В монастырском колледже его научили, что жизнь делится некой грядой — «до» и «после», — которая делает людей тем, чем они остаются навсегда. Монахи называли этот момент «богоявлением» или «встречей с Христом». Перед Хосе Немесио Асторгой по прозвищу Чино первый холм этой гряды показался в день, когда он познакомился с Эвитой.
Он точно помнил день и час. В десять минут первого 5 сентября 1948 года директор «Риальто» приказал ему явиться в Дом президента на улице Аустрия, где ему придется прокрутить несколько фильмов. «Там есть такой мини-зал, — сказал директор. — Аппаратура новехонькая, шикарная». Профсоюз работников кино тогда объявил забастовку, и кинотеатры уже три дня были закрыты, но Чино Асторга не мог отказаться от работы. Он выполнял волю хозяина все семь дней недели. Этим он платил за две жалкие комнатушки в недрах кинотеатра, где жил со своей женой Лидией и полуторагодовалой девчушкой.
Правительственная машина заехала за ним в три часа. Через пятнадцать минут его высадили у дворца на улице Аустрия и повели в тесную кабину мини-зала, где уже стояли две высокие колонки кинороликов. Было душно, сладковатый запах целлулоида стелился по коврам, цепляясь за каждый выступ, как ноги старого слуги. На восьми роликах был фильм, о котором Асторга никогда не слышал; на трех — выпуски «Сусесос Архентинос». Через смотровое окошко он увидел пустой зал с двадцатью креслами. Хосе Немесио Асторга был человек педантичный и верил в науку о значении чисел. Дворцовый мажордом велел ему погасить свет в зале и начать показ, никого не дожидаясь. Когда на экране замелькали титульные кадры, он увидел, как в зал проскользнула какая-то тень и села поодаль, у выхода. Незнакомый фильм назывался «Расточительница», его главными героями были Хуан Хосе Мигес и Эва Дуарте.
Между Эвитой — героиней фильма и той, которую все знали, была тьма различий. Эвита в фильме была величественная матрона, брюнетка с жгучими черными глазами, всегда одетая в черное и носившая вышитые мантильи. На земле, которую матрона называла «мой хутор», строили запруду. Неиссякающий поток крестьян встречал ее, кланяясь, когда она проходила мимо, — ей целовали руки в перстнях и называли «матушкой бедняков». За такое почитание женщина вознаграждала, одаряя украшениями, одеялами, веретенами, стадами скота. Хриплым голосом она декламировала немыслимые фразы вроде: «Дайте мне стрелу, и я вонжу ее в сердце вселенной», или: «Прости архиепископов, Господи, владыка, ибо не ведают, что творят». Казалось, фильм «Расточительница» снят в прошлом веке, до изобретения кино.

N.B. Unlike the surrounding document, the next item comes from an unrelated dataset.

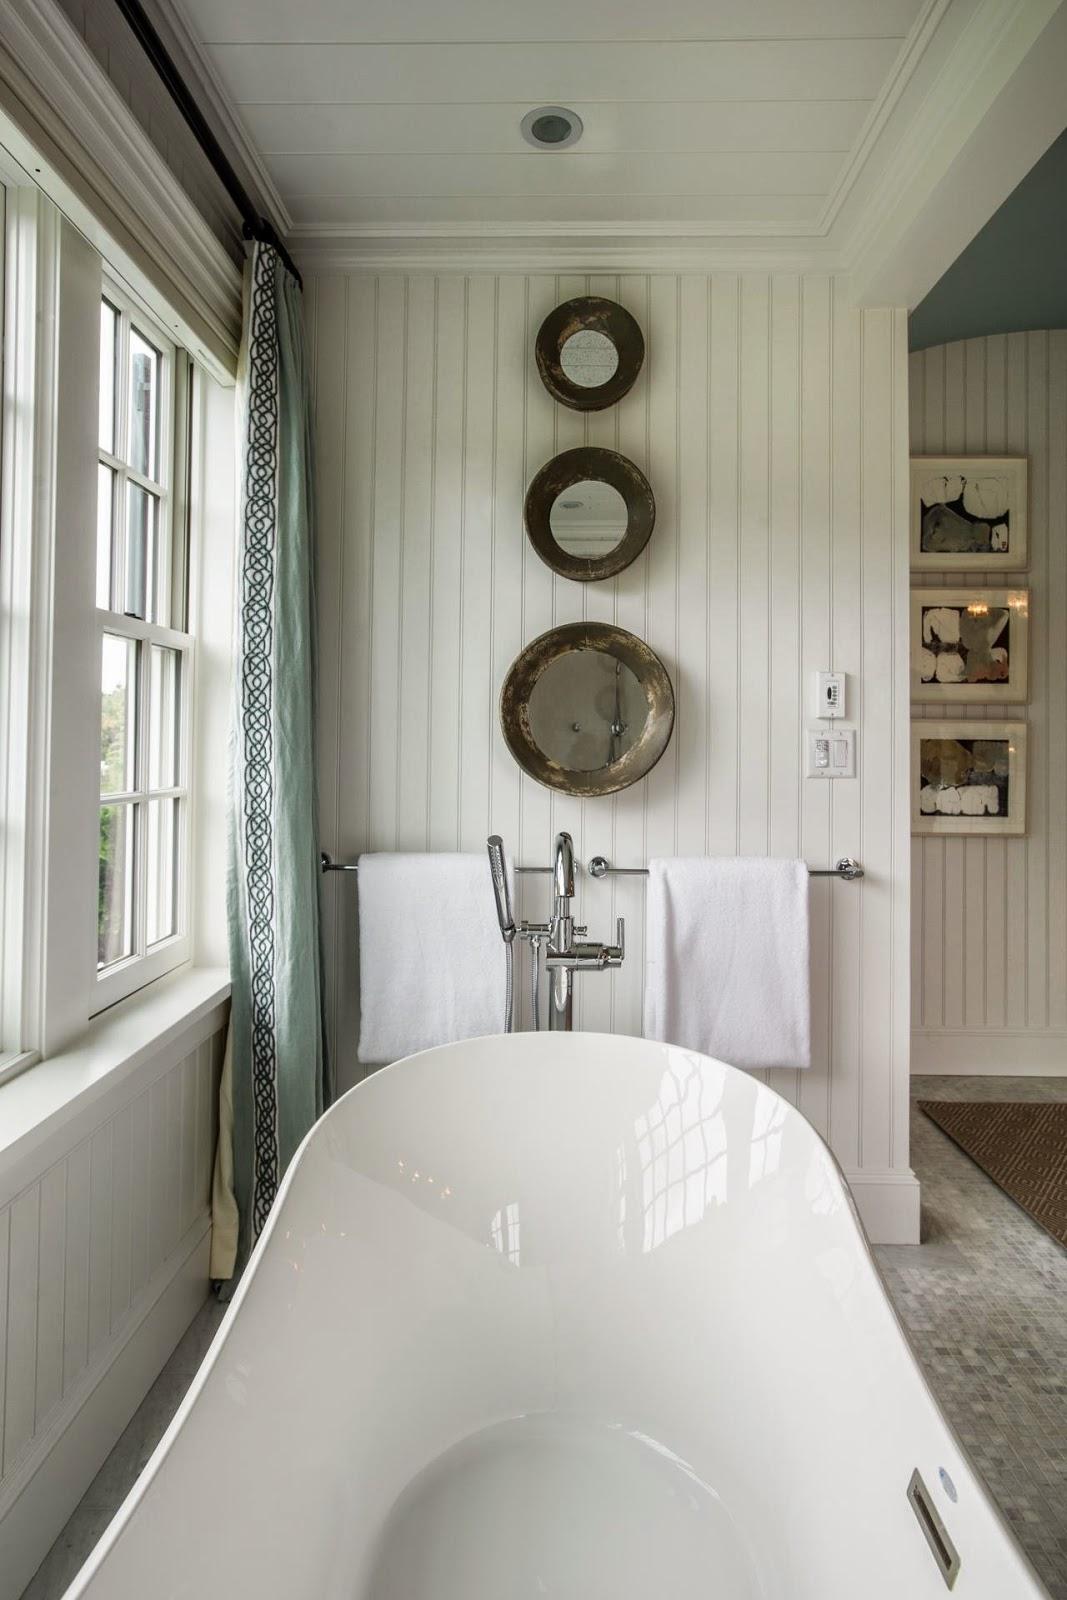 Adorei esses espelhos em frente à banheira! #5A513F 1067x1600 Banheiro Com Banheira Metragem

Во время показа тень не вставала с места. Асторга наблюдал за ней через смотровое окошко, но черт лица не мог разглядеть. Временами он слышал ее кашель или вздохи и стоны, сопровождавшие неудачи героини. Но вот на экране пошли размытые кадры самоубийства: матрона прощалась с миром то ли с помощью яда, то ли с помощью кинжала. Затем из партера донесся надтреснутый голос:
— Не включайте свет, че. Теперь давайте хроники.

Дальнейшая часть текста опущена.